● **Required action**:
The material below should be copied line for line, please, with pictures omitted.

● **Data excerpt**:
-- -- --

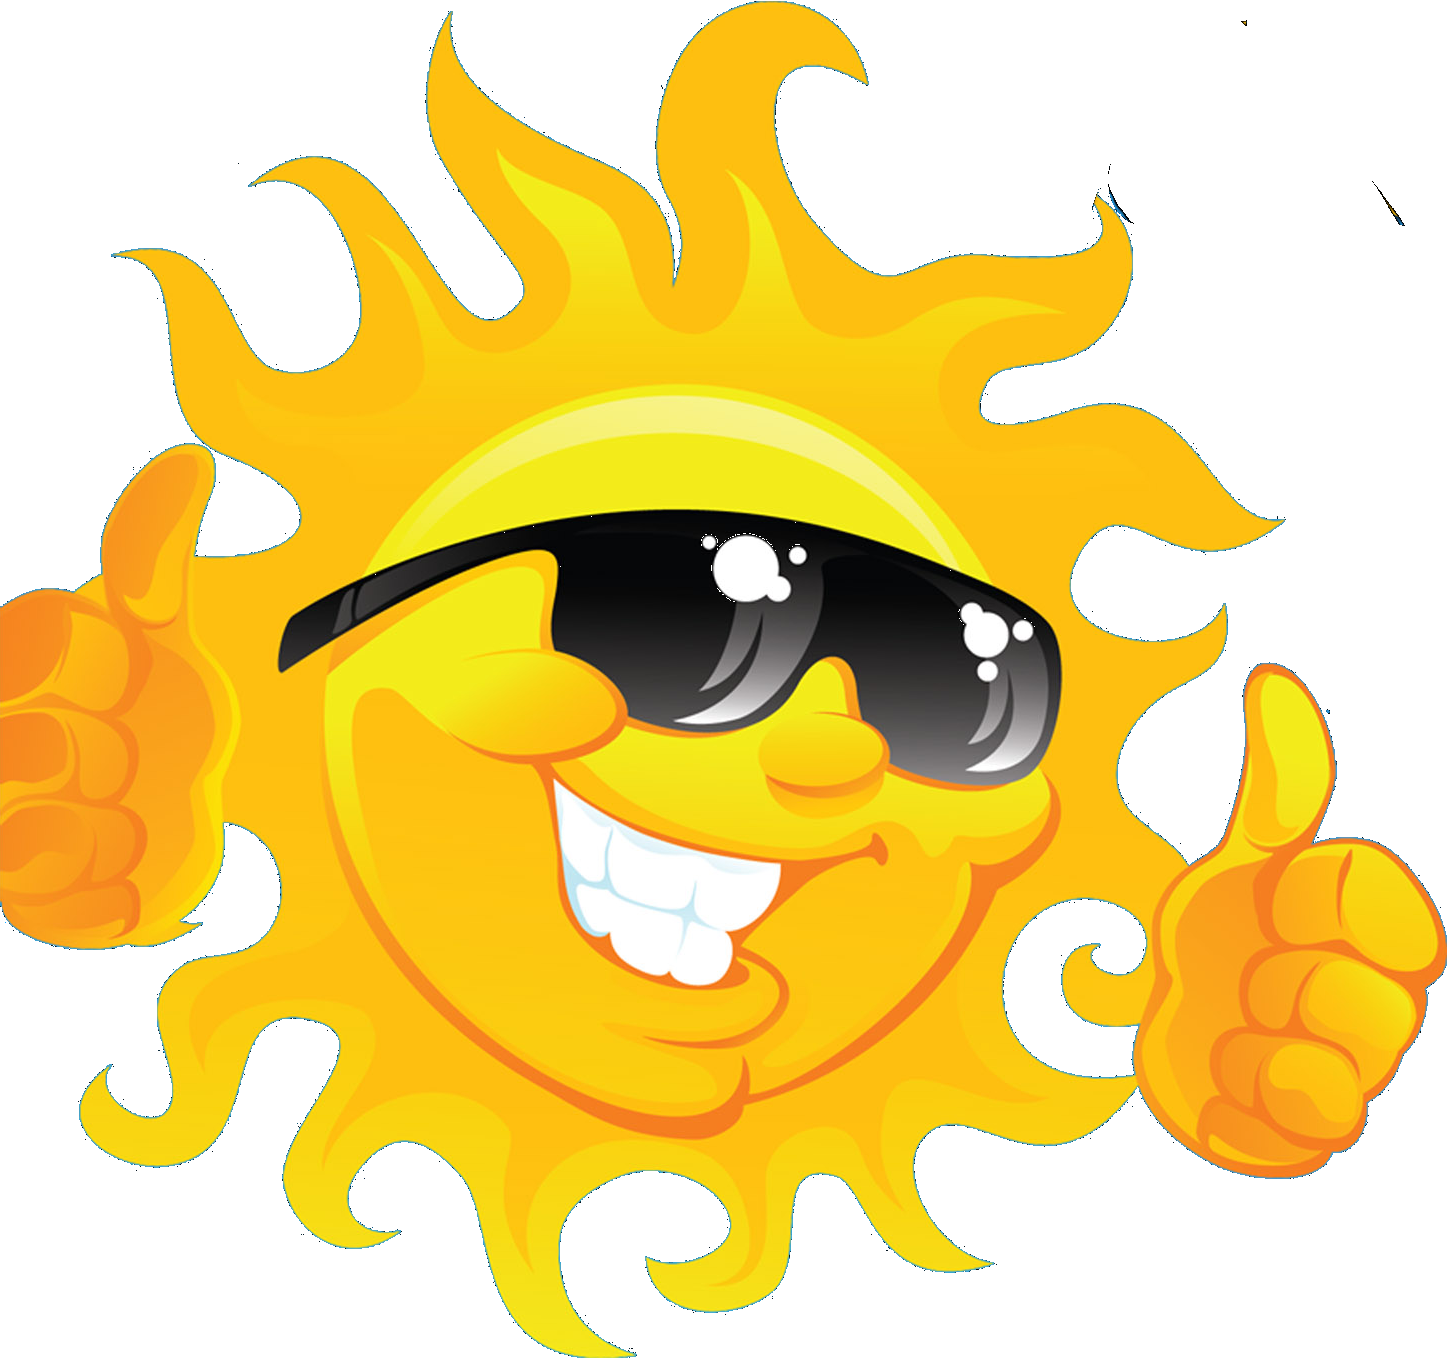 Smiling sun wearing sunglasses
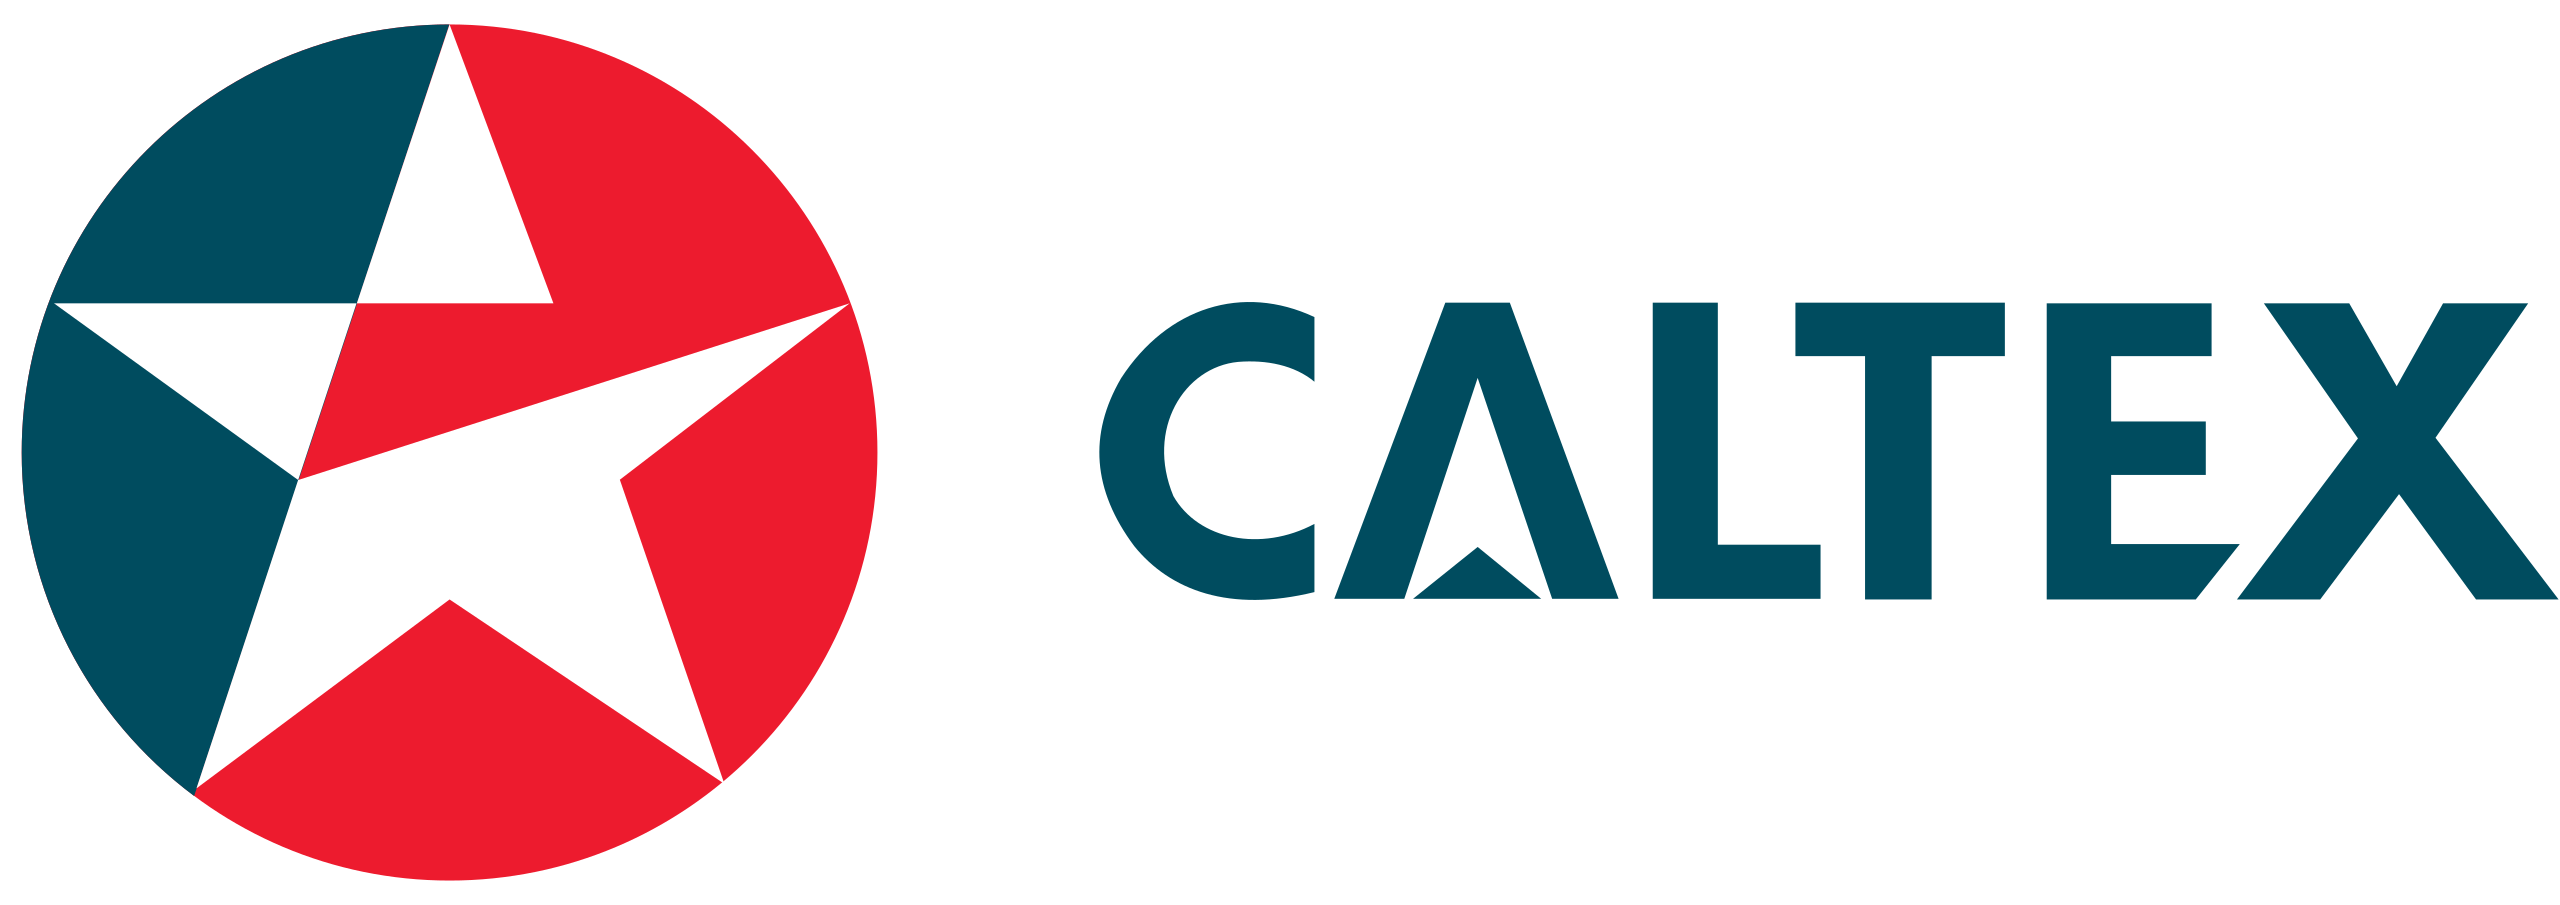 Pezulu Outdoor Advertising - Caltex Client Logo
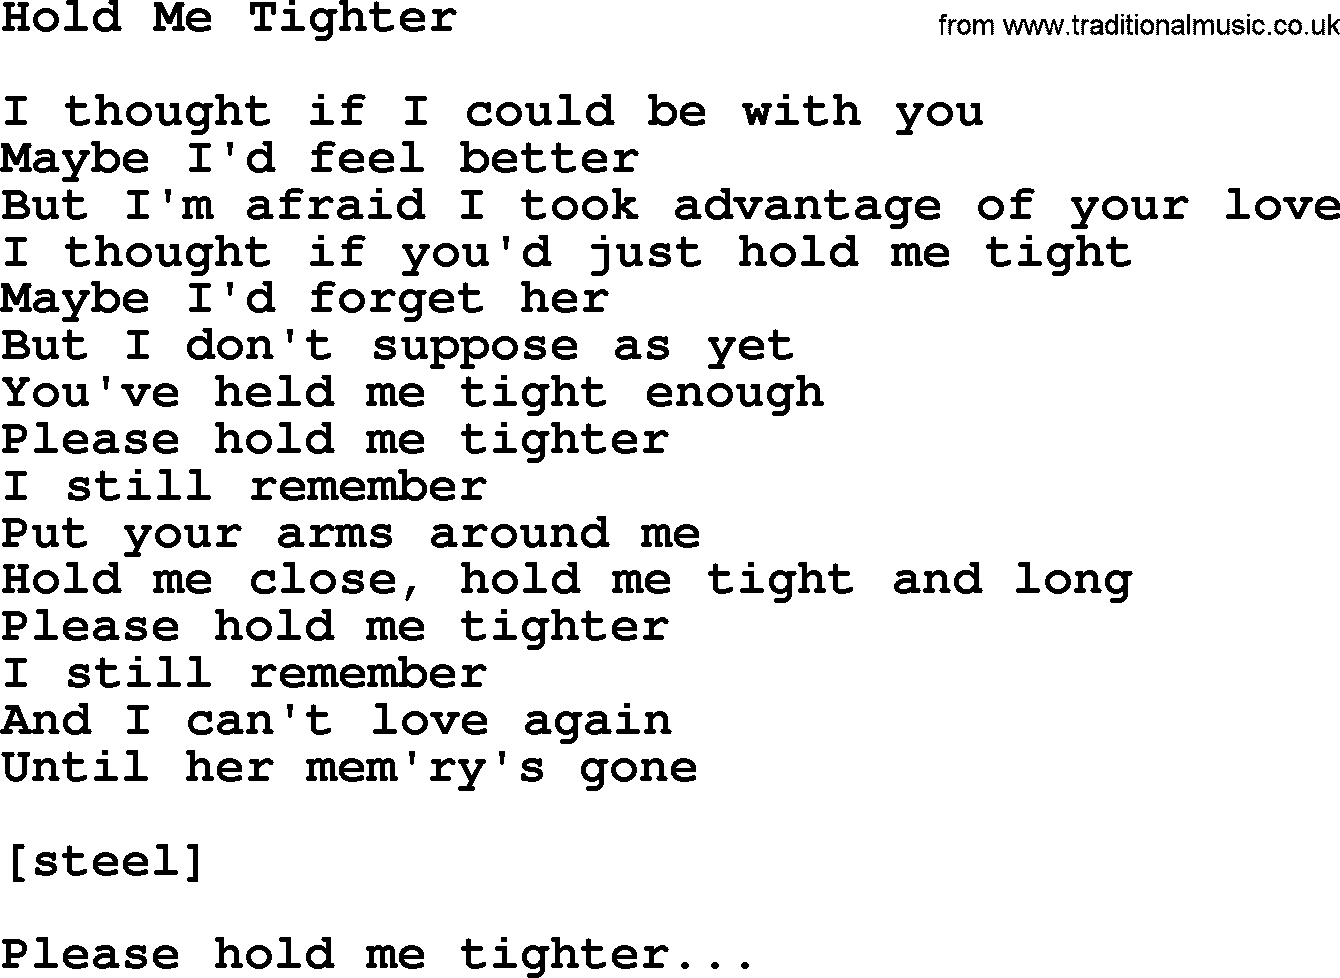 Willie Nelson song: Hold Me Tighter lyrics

-- -- --

● **Task output**:
 Smiling sun wearing sunglasses
 Pezulu Outdoor Advertising - Caltex Client Logo
 Willie Nelson song: Hold Me Tighter lyrics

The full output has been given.